The individual, John Mattera, was sentenced to 11 years in prison.
As reported June 21 by the Associated Press, U.S. District Judge Richard Sullivan ordered Mattera to forfeit $11.8 million. An additional restitution amount will be set within the next month.
“You’ve left a lot of wreckage in your past and you have to be punished for that. These crimes were just so selfish, so callous toward the victims,” said Judge Sullivan in addressing Mattera.
Mattera was arrested in November 2011 on charges of conning more than 100 people who invested millions of dollars with his British Virgin Islands-based Praetorian Global Fund Limited. He pleaded guilty in October to conspiracy, securities fraud, money laundering and wire fraud.
One of Mattera’s victims, Marisa Light Cain, was present at Mattera’s sentencing hearing. She stated that Mattera squandered the $100,000 she had saved to pay for college for her two sons.

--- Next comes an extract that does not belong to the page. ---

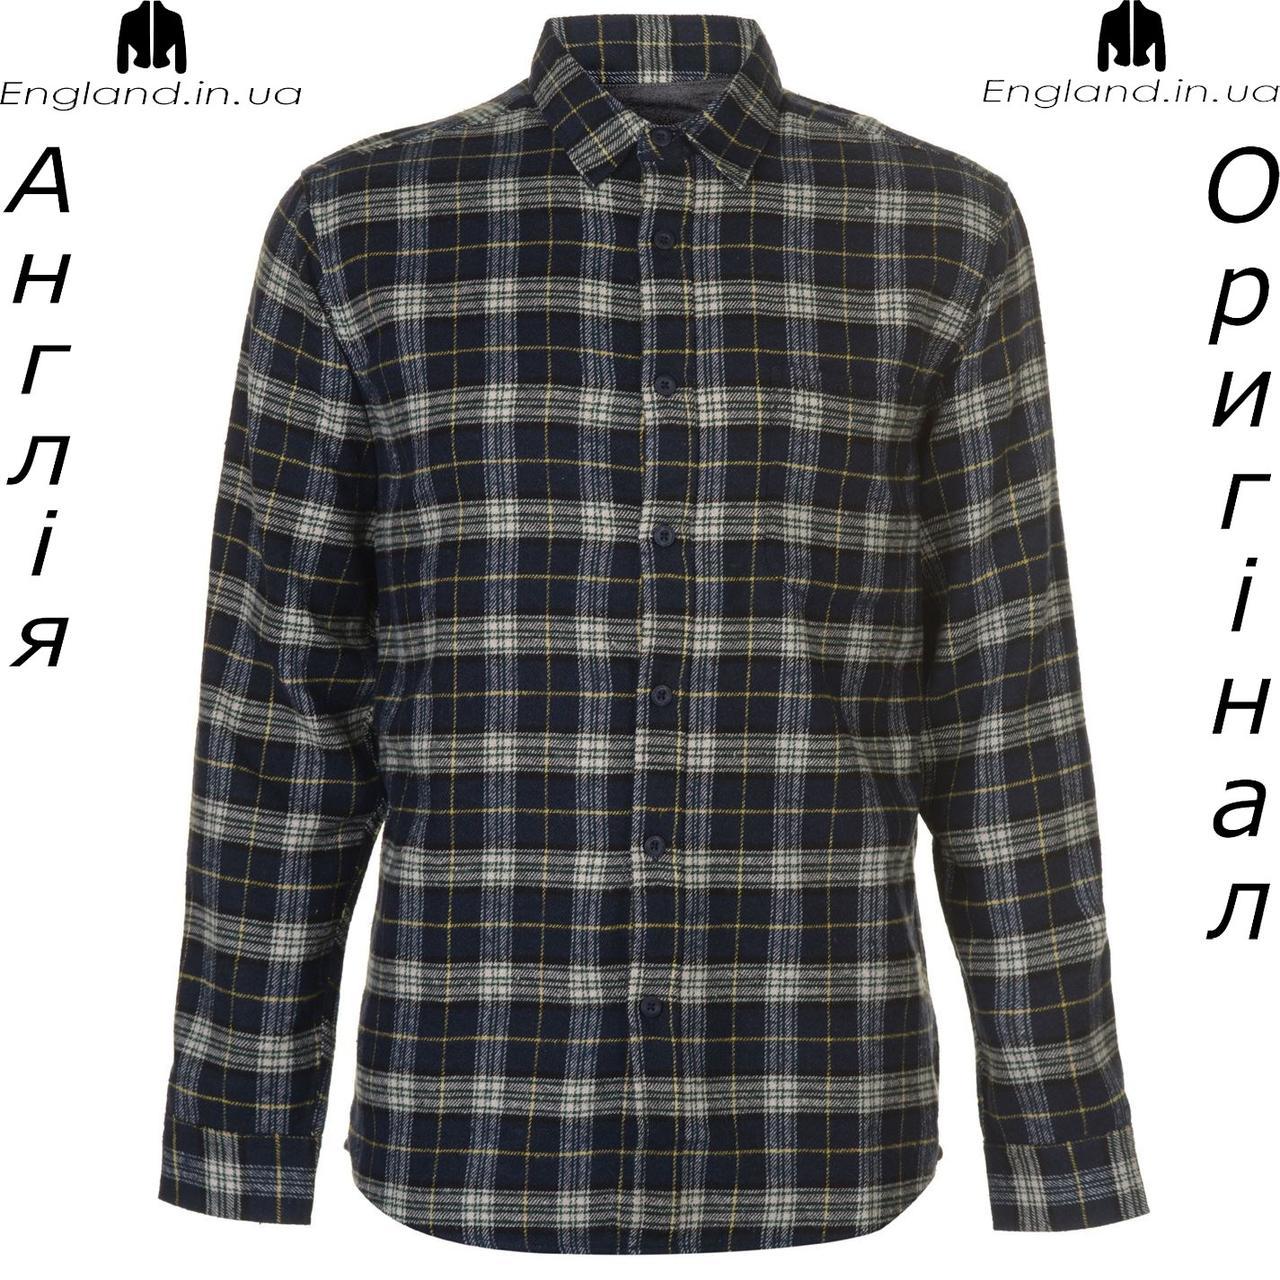 Размер L (наш 50й) - Рубашка в клетку мужская Pierre Cardin из Англии - на длинный рукав

Mattera has four previous convictions for similar crimes in Kentucky and Florida. He has been imprisoned since his guilty plea, a proceeding that was delayed by a day when he missed his flight from Florida. He also was found in contempt in a civil case brought by the Securities and Exchange Commission (SEC), according to the AP story.
The bottom line: Investment scams and fraudulent investments come in many forms. Falling victim to a scam can mean losing anywhere from a few hundred dollars to your life savings. At the end of the day, if the investment offer sounds too good to be true, it probably is.